Given that `P (3,2,-4), Q(5,4,-6), R (9,8-10)` are collinear, find the ratio in which Q divides PR.

To find the ratio in which point Q divides the line segment PR, we can use the section formula. The coordinates of the points are given as follows: - P(3, 2, -4) - Q(5, 4, -6) - R(9, 8, -10) Let Q divide PR in the ratio m:n.
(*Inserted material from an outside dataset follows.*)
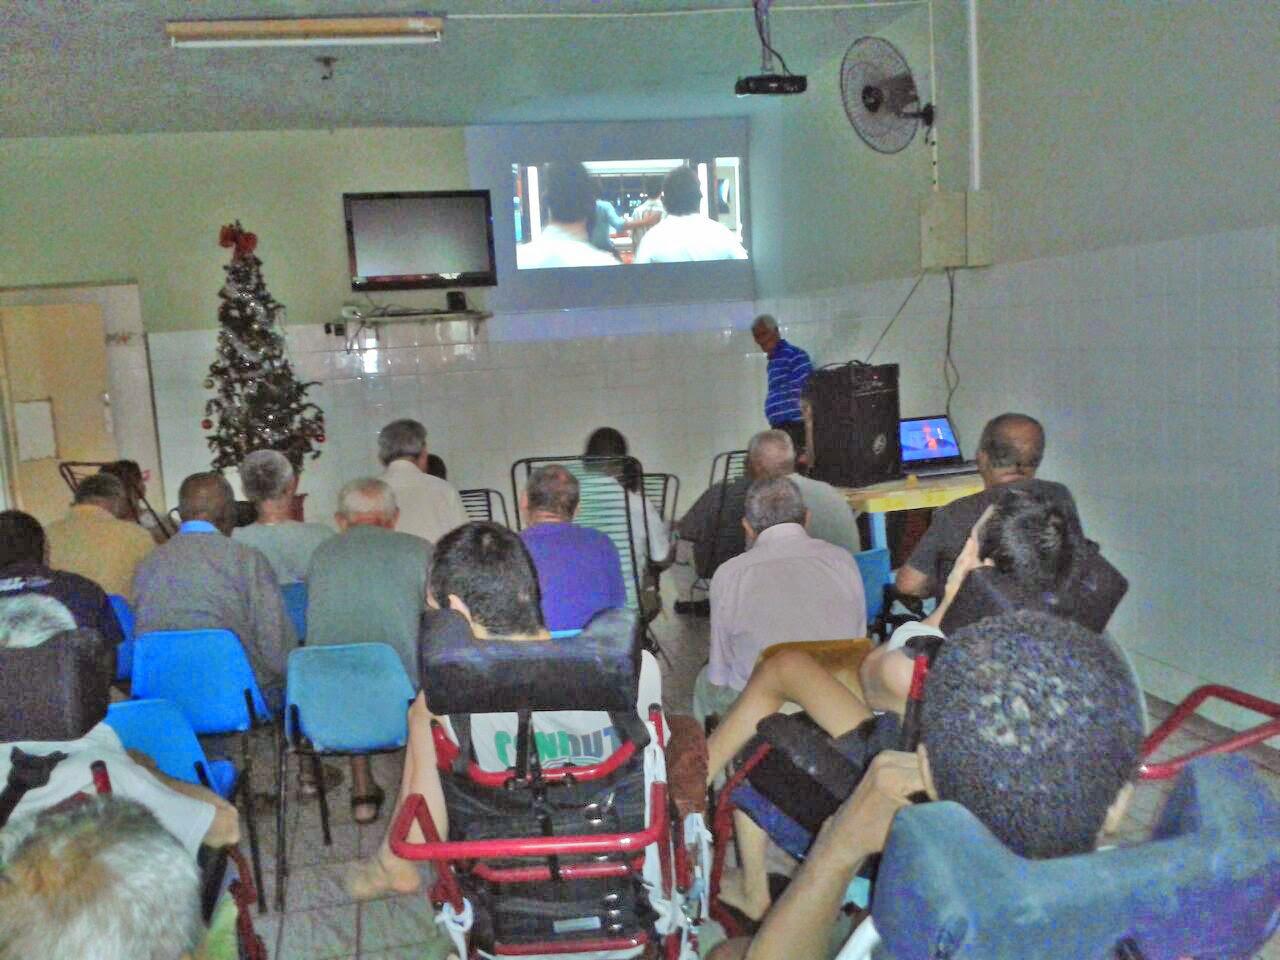 Recanto promove sessão de filme
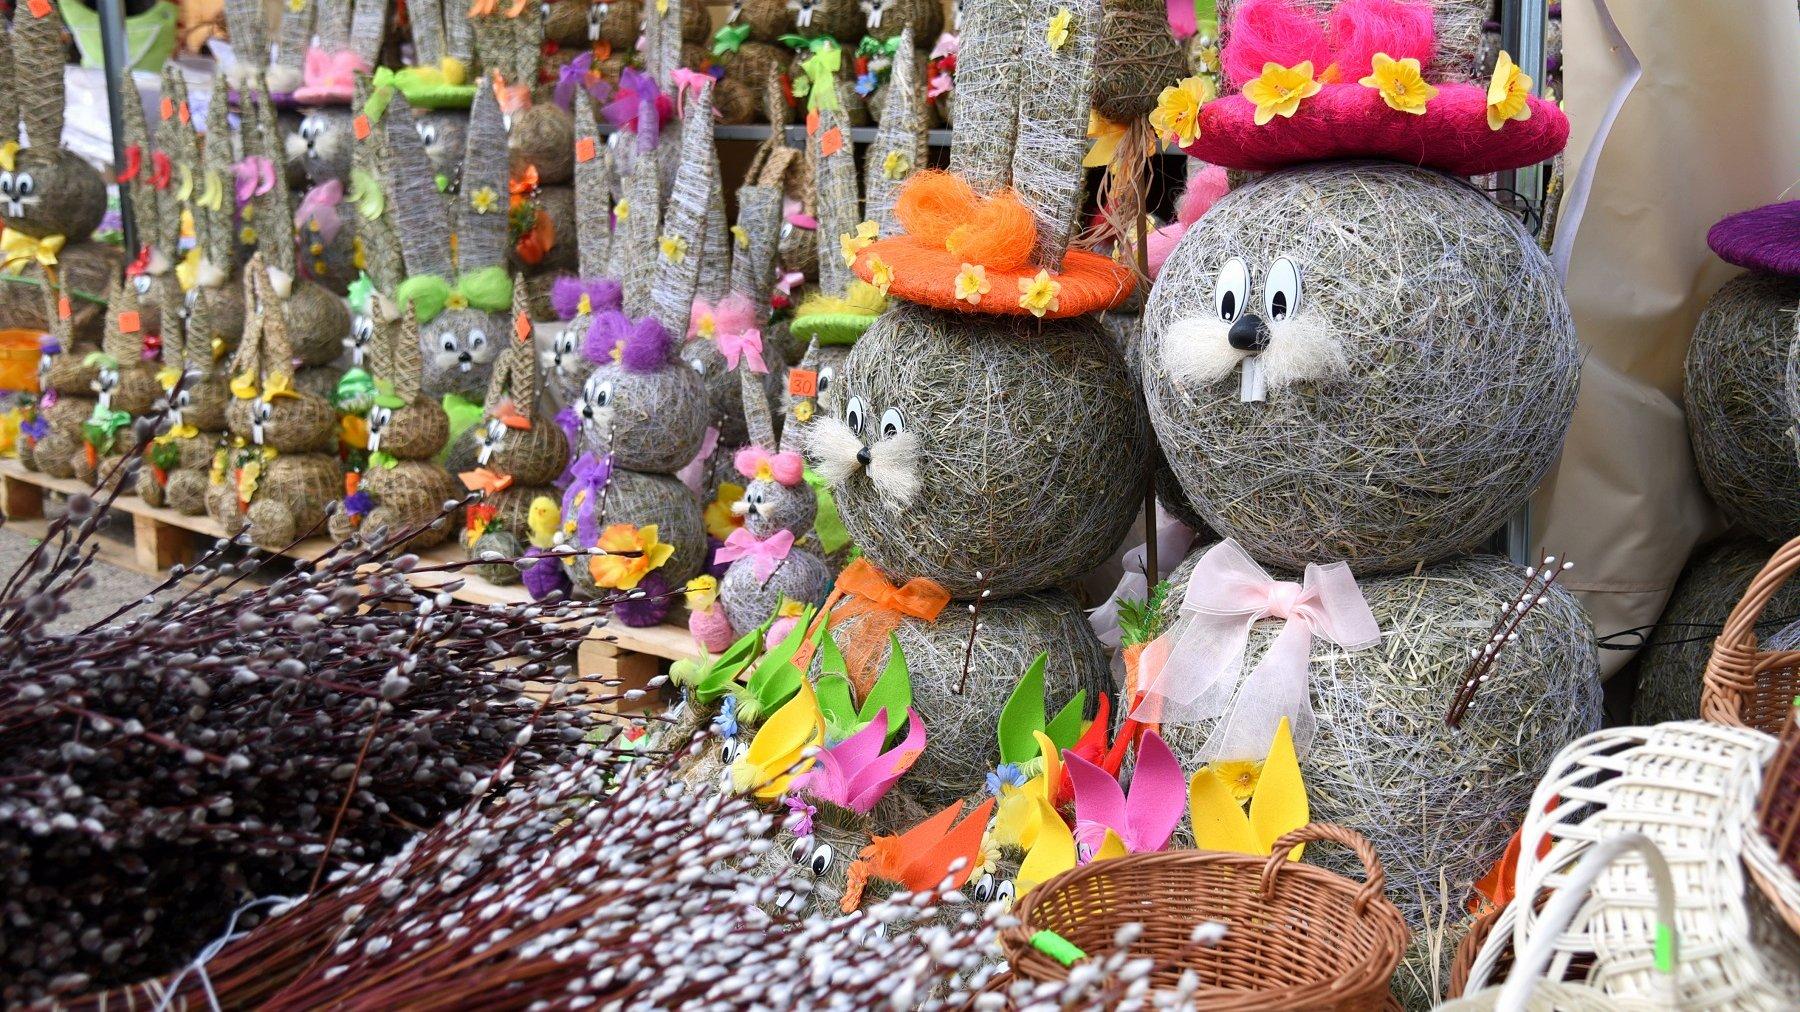 Tak jak w latach ubiegłych, w ramach Jarmarku Wielkanocnego na poznaniaków i turystów czeka bogata oferta handlowa oraz wiele wydarzeń kulturalnych

According to the section formula, the coordinates of point Q can be expressed as: \[ Q_x = \frac{m \cdot R_x + n \cdot P_x}{m + n} \] \[ Q_y = \frac{m \cdot R_y + n \cdot P_y}{m + n} \] \[ Q_z = \frac{m \cdot R_z + n \cdot P_z}{m + n} \] Where \(Q_x, Q_y, Q_z\) are the coordinates of Q, and \(P_x, P_y, P_z\) and \(R_x, R_y, R_z\) are the coordinates of P and R respectively. ### Step 1: Set up the equations for each coordinate Using the coordinates provided: 1. For the x-coordinate: \[ 5 = \frac{m \cdot 9 + n \cdot 3}{m + n} \] 2. For the y-coordinate: \[ 4 = \frac{m \cdot 8 + n \cdot 2}{m + n} \] 3. For the z-coordinate: \[ -6 = \frac{m \cdot (-10) + n \cdot (-4)}{m + n} \] ### Step 2: Solve the x-coordinate equation Multiply both sides of the x-coordinate equation by \(m + n\): \[ 5(m + n) = 9m + 3n \] Expanding gives: \[ 5m + 5n = 9m + 3n \] Rearranging terms: \[ 5m - 9m = 3n - 5n \] This simplifies to: \[ -4m = -2n \quad \Rightarrow \quad 4m = 2n \quad \Rightarrow \quad \frac{m}{n} = \frac{2}{4} = \frac{1}{2} \] ### Step 3: Conclusion Thus, the ratio in which Q divides PR is: \[ m:n = 1:2 \]